Prompt: Repeat the listing below word for word, minus the pictures.

Data section:
<<<<

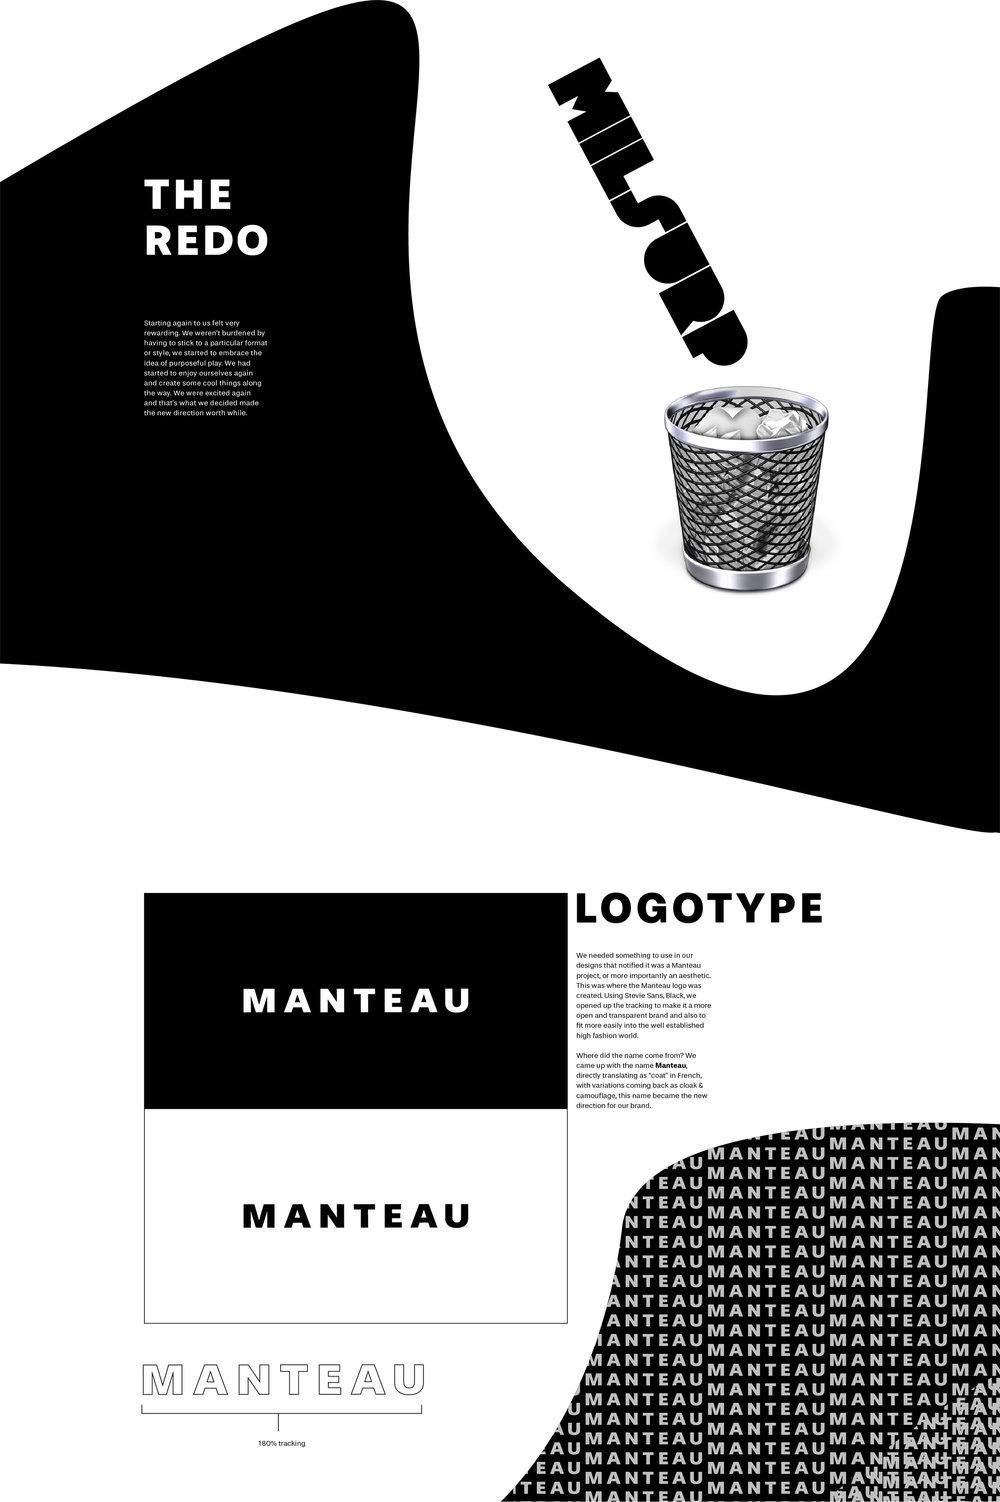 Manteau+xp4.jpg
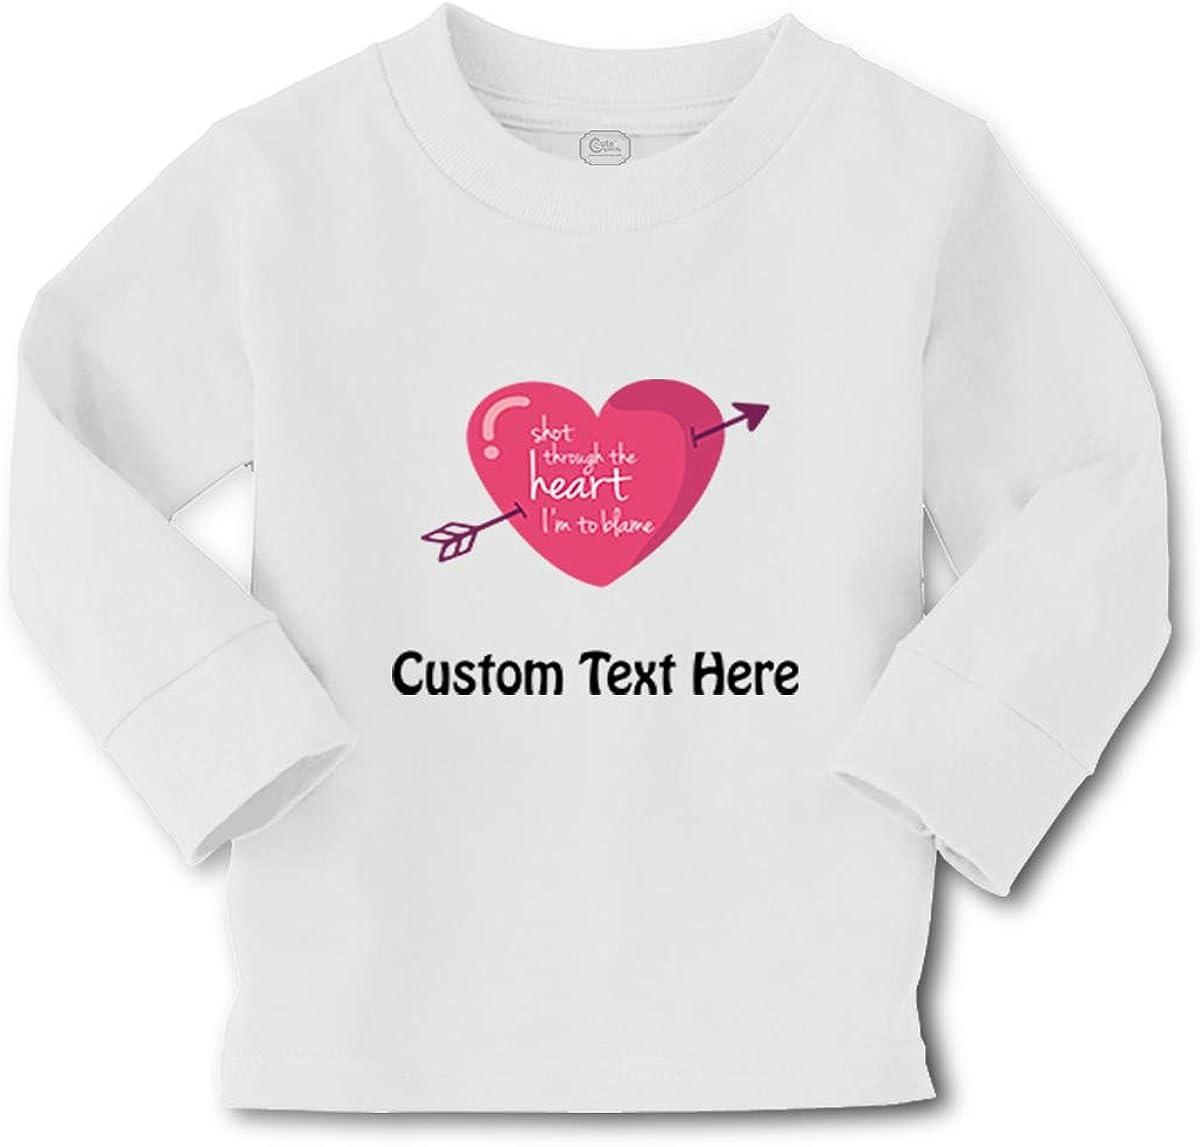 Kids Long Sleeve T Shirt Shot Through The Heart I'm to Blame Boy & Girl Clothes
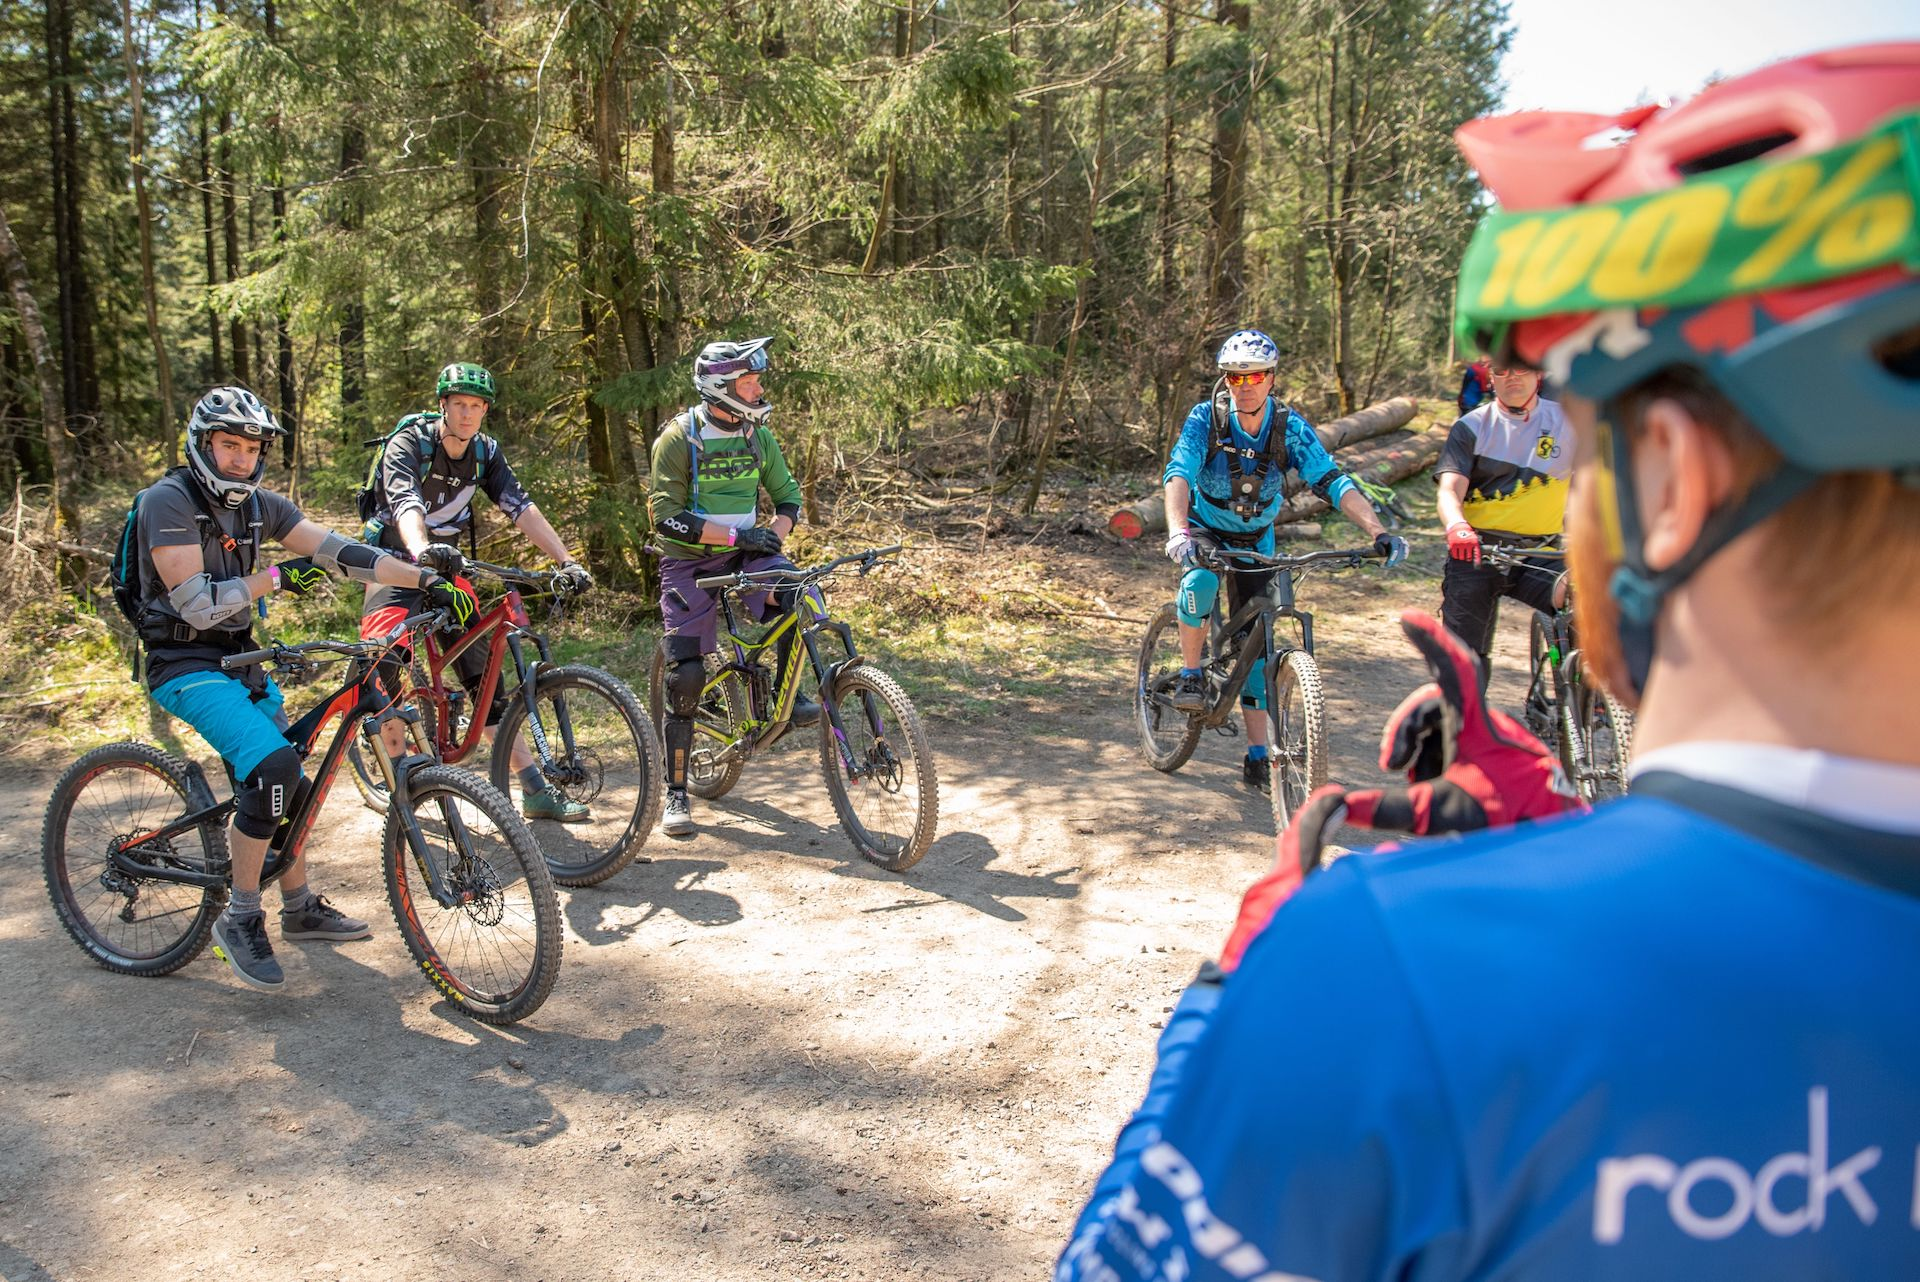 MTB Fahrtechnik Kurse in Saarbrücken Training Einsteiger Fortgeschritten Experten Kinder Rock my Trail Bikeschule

>>>>

Exercise answer:
 Manteau+xp4.jpg
 Kids Long Sleeve T Shirt Shot Through The Heart I'm to Blame Boy & Girl Clothes
 MTB Fahrtechnik Kurse in Saarbrücken Training Einsteiger Fortgeschritten Experten Kinder Rock my Trail Bikeschule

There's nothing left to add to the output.